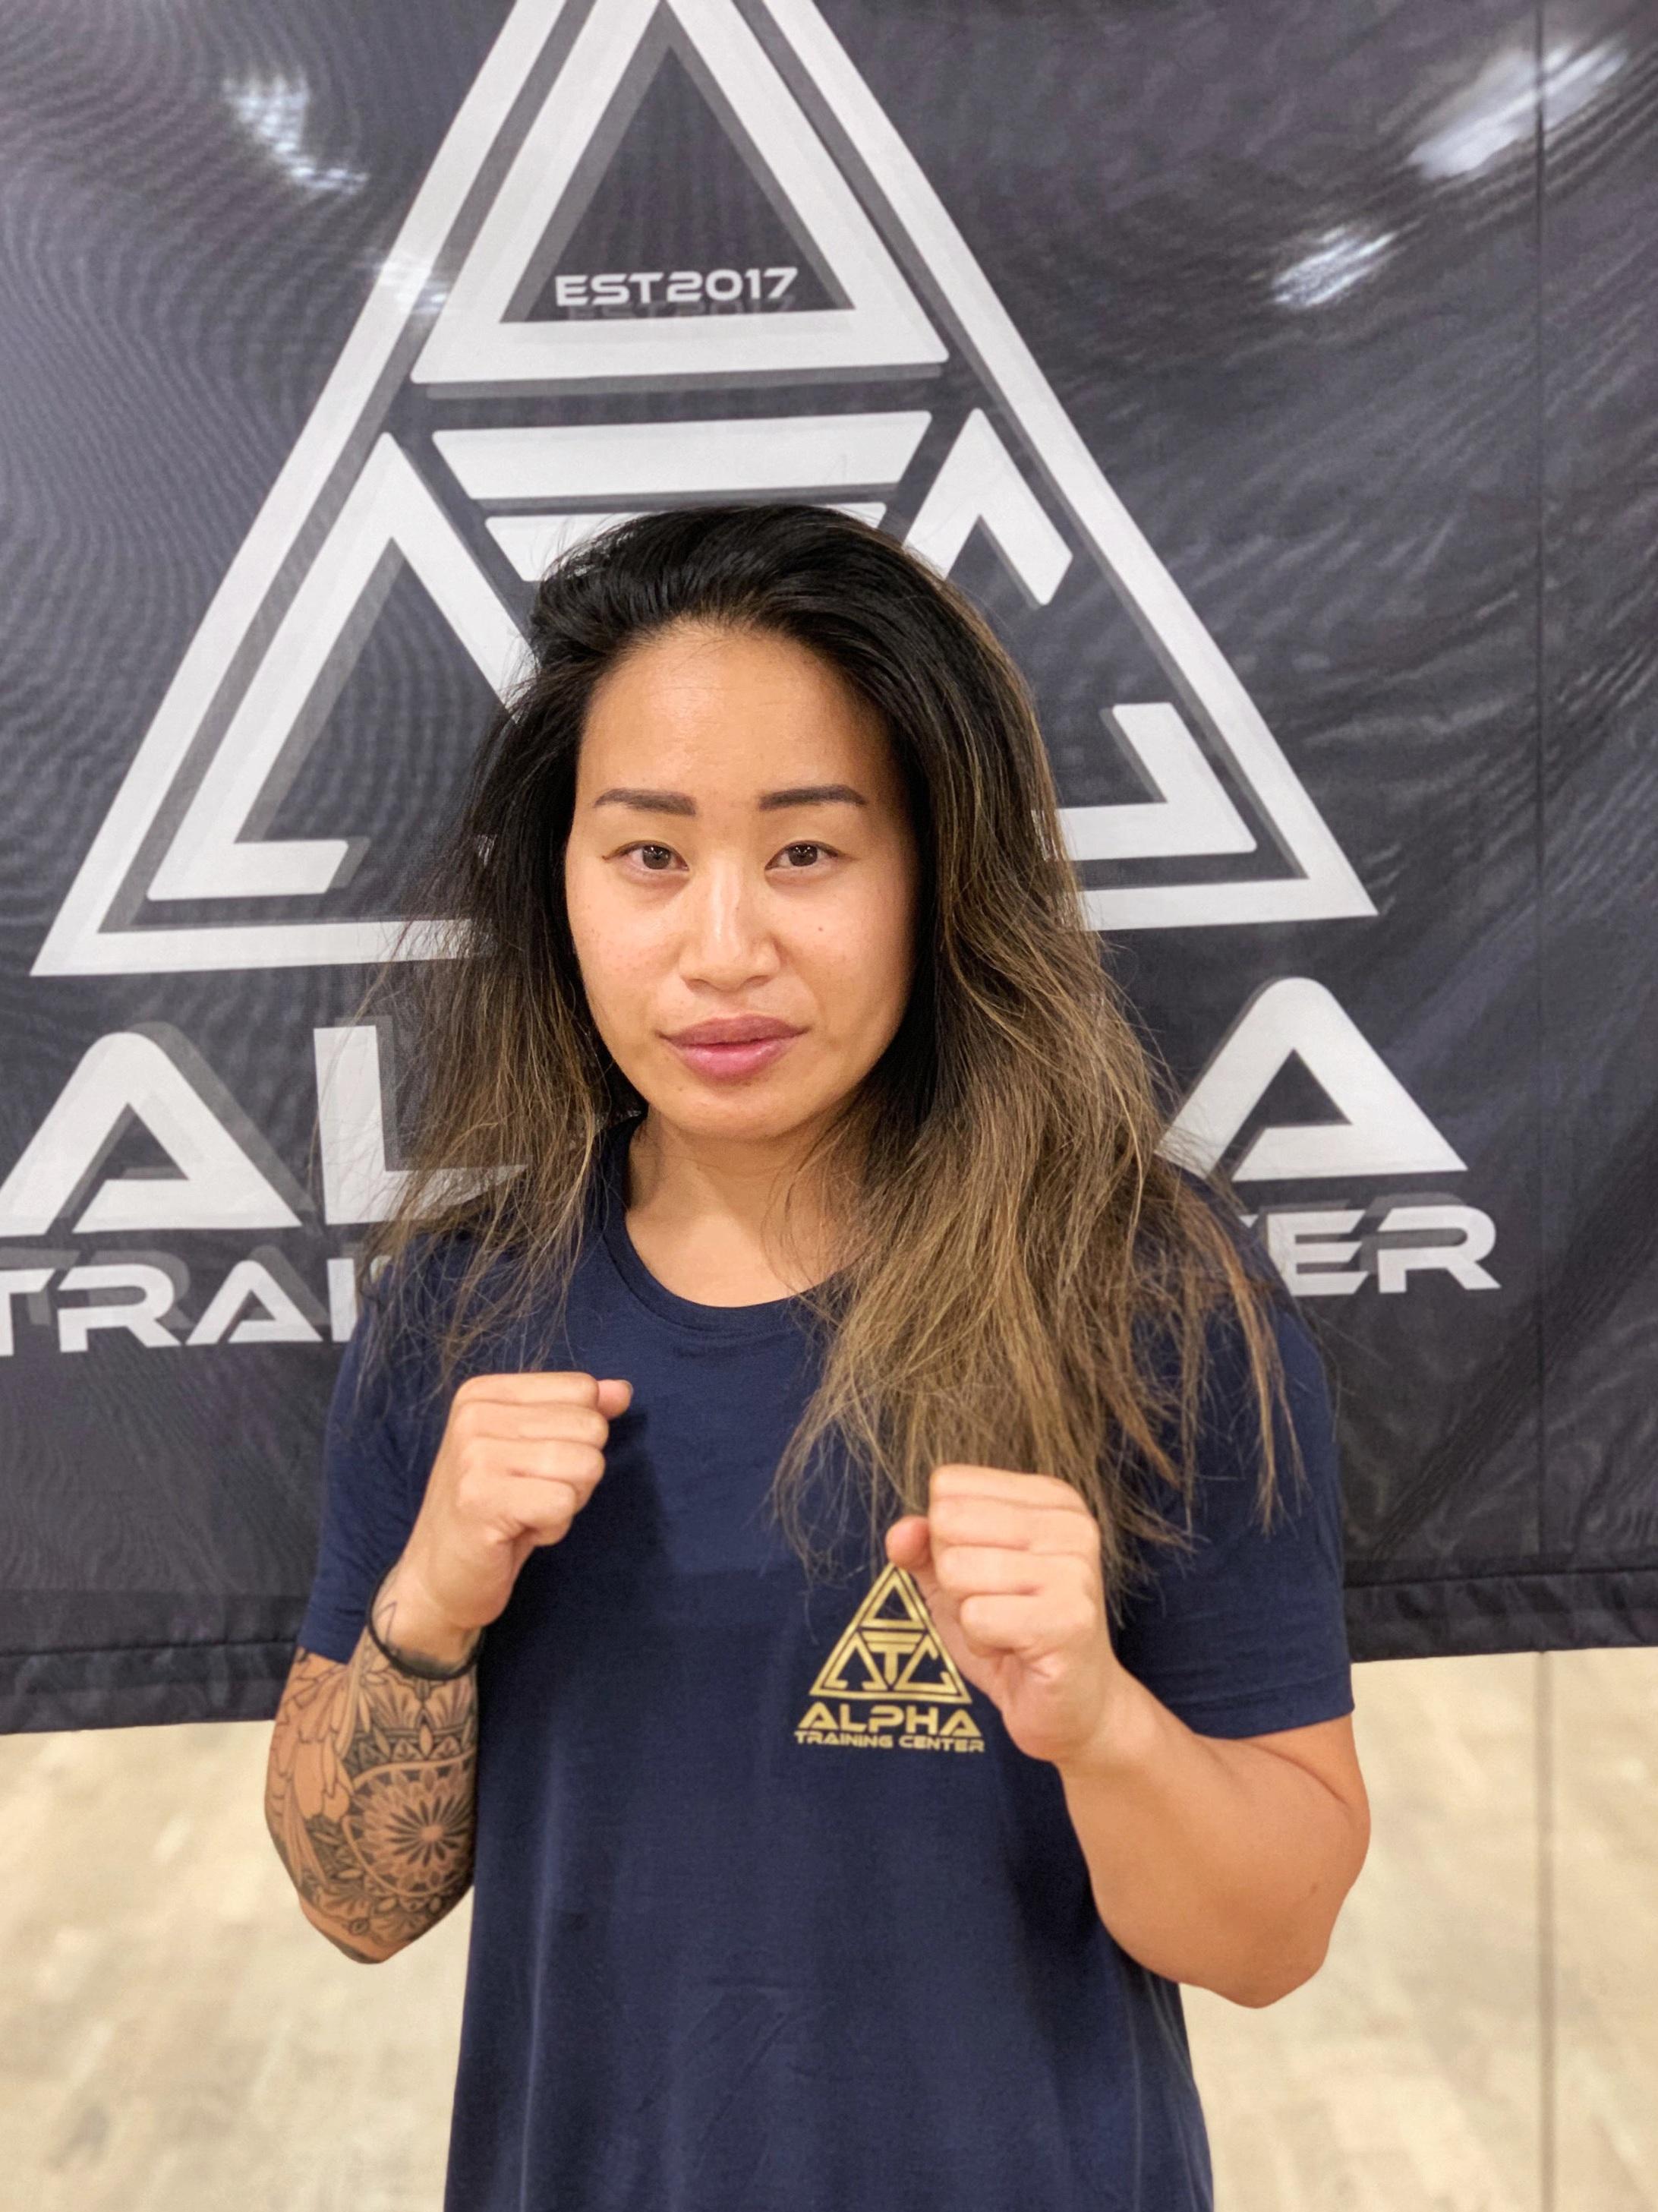 Coach Adela Alpha traning center
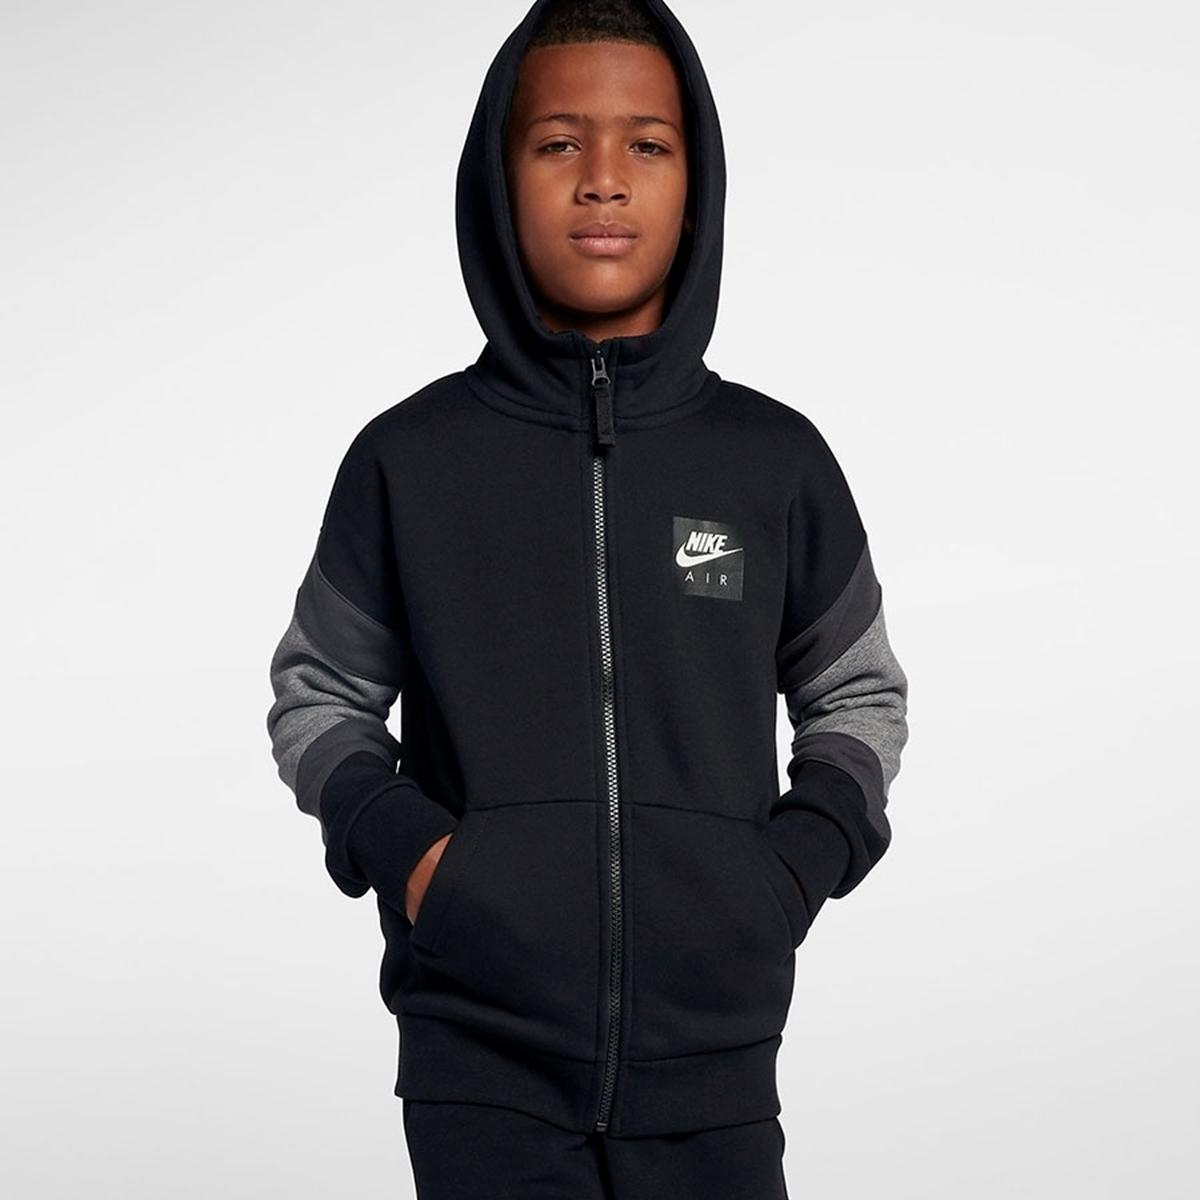 eb88e51c Nike B NK AIR HOODIE FZ 939635-010- Nava Sport - Vi selger klær og ...
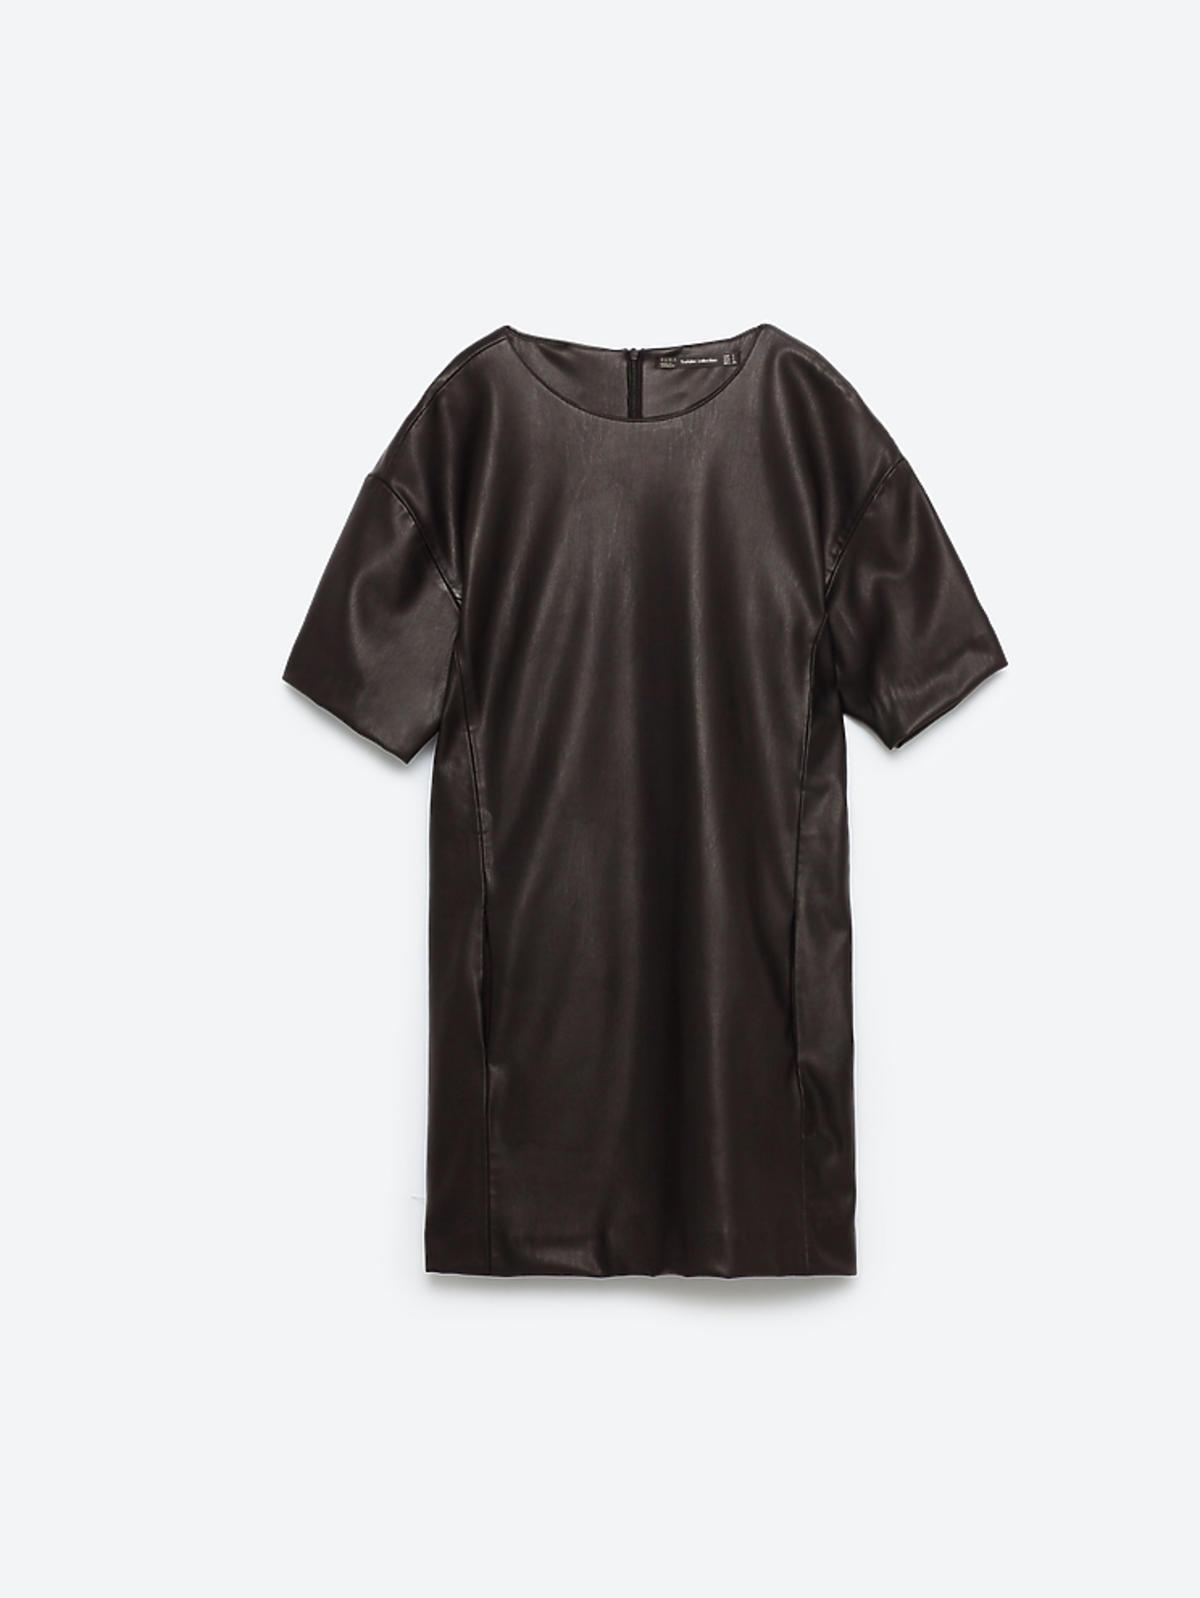 Prosta sukienka ze sztucznej skóry, Zara, 69,90 zł
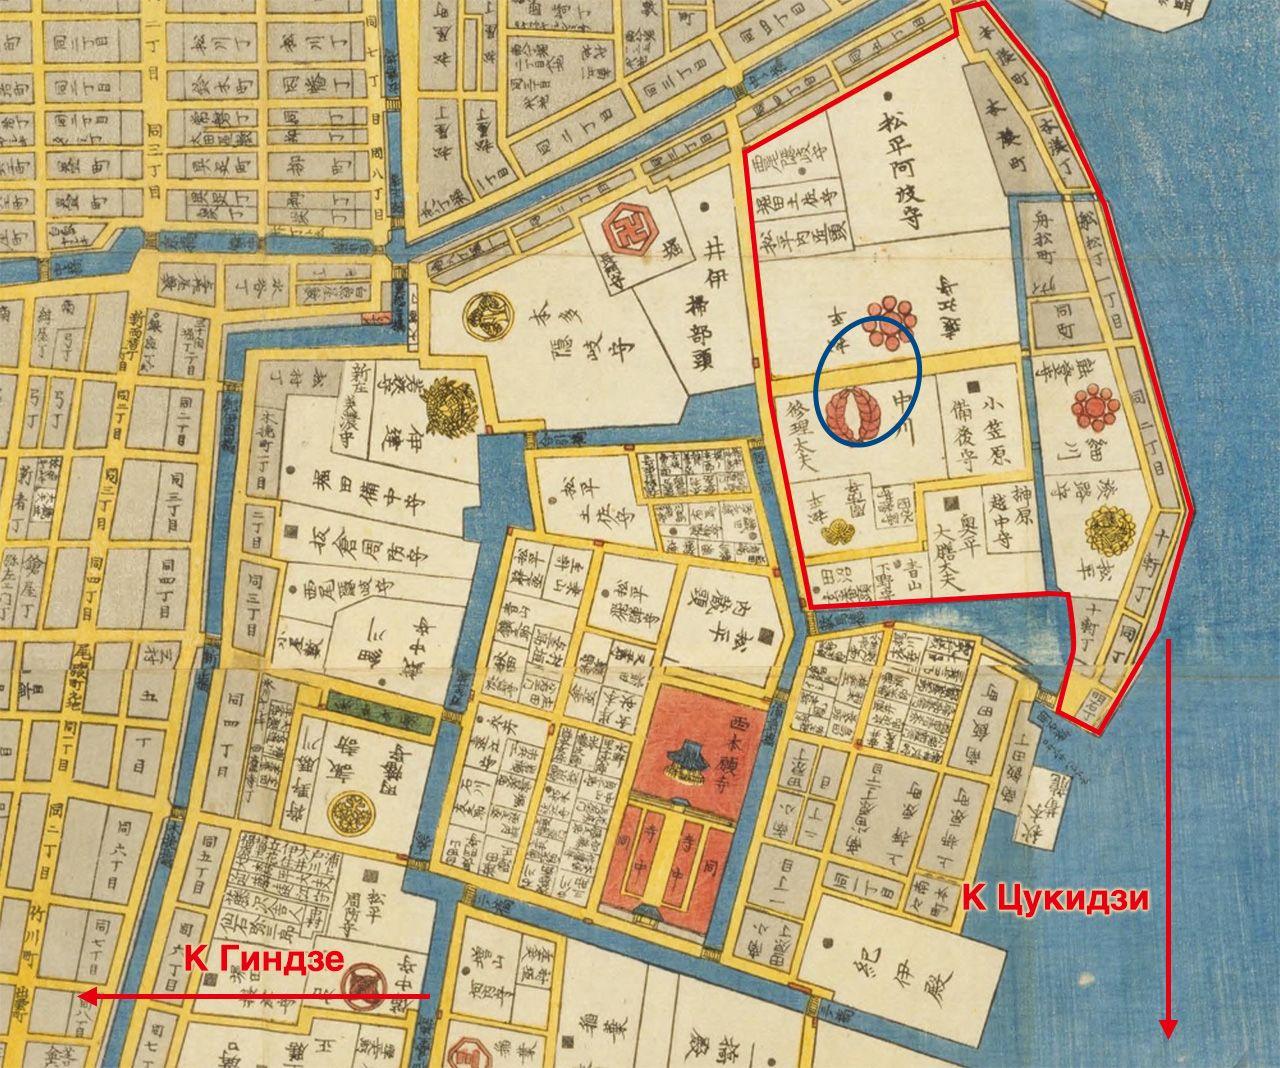 Карта района Цукидзи в Эдо (Цукидзи хаттёбори нихомбаси-минами эдзу). Красной линией обведён остров, где расположены орудийные батареи; синий кружок – усадьба резиденции княжества Ако (карта примерно 1840-1860-х годов, до наших дней резиденция не сохранилась). Красный прямоугольник – храм Хонгандзи, который находится недалеко от нынешних Цукидзи и Гиндзы (собрание Национальной парламентской библиотеки)
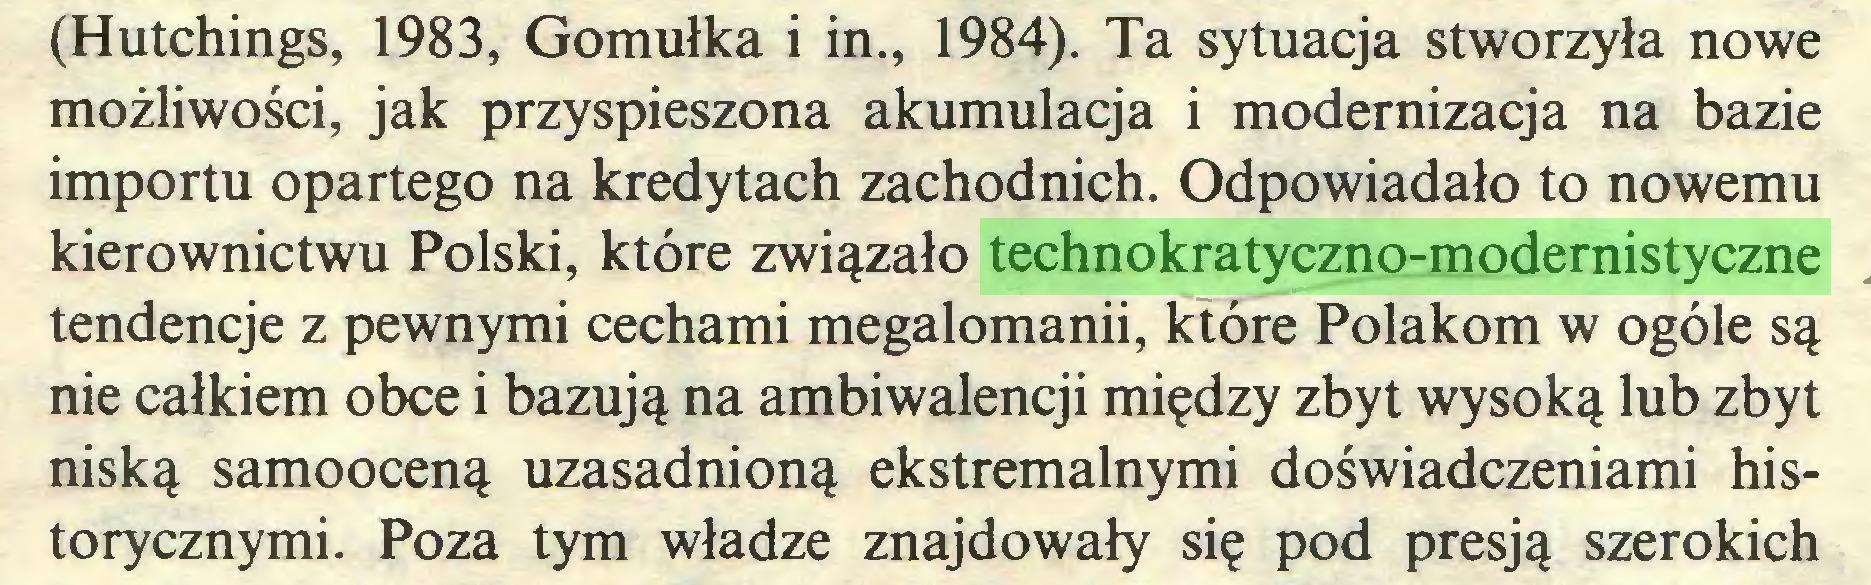 (...) (Hutchings, 1983, Gomułka i in., 1984). Ta sytuacja stworzyła nowe możliwości, jak przyspieszona akumulacja i modernizacja na bazie importu opartego na kredytach zachodnich. Odpowiadało to nowemu kierownictwu Polski, które związało technokratyczno-modernistyczne tendencje z pewnymi cechami megalomanii, które Polakom w ogóle są nie całkiem obce i bazują na ambiWalencji między zbyt wysoką lub zbyt niską samooceną uzasadnioną ekstremalnymi doświadczeniami historycznymi. Poza tym władze znajdowały się pod presją szerokich...

---+---

Task details
Above are the records; reproduce them exactly and leave out the pictures.

Result
 Coach Adela Alpha traning center
 eb88e51c Nike B NK AIR HOODIE FZ 939635-010- Nava Sport - Vi selger klær og ...
 Prosta sukienka ze sztucznej skóry, Zara, 69,90 zł
 Карта района Цукидзи в Эдо (Цукидзи хаттёбори нихомбаси-минами эдзу). Красной линией обведён остров, где расположены орудийные батареи; синий кружок – усадьба резиденции княжества Ако (карта примерно 1840-1860-х годов, до наших дней резиденция не сохранилась). Красный прямоугольник – храм Хонгандзи, который находится недалеко от нынешних Цукидзи и Гиндзы (собрание Национальной парламентской библиотеки)
 (...) (Hutchings, 1983, Gomułka i in., 1984). Ta sytuacja stworzyła nowe możliwości, jak przyspieszona akumulacja i modernizacja na bazie importu opartego na kredytach zachodnich. Odpowiadało to nowemu kierownictwu Polski, które związało technokratyczno-modernistyczne tendencje z pewnymi cechami megalomanii, które Polakom w ogóle są nie całkiem obce i bazują na ambiWalencji między zbyt wysoką lub zbyt niską samooceną uzasadnioną ekstremalnymi doświadczeniami historycznymi. Poza tym władze znajdowały się pod presją szerokich...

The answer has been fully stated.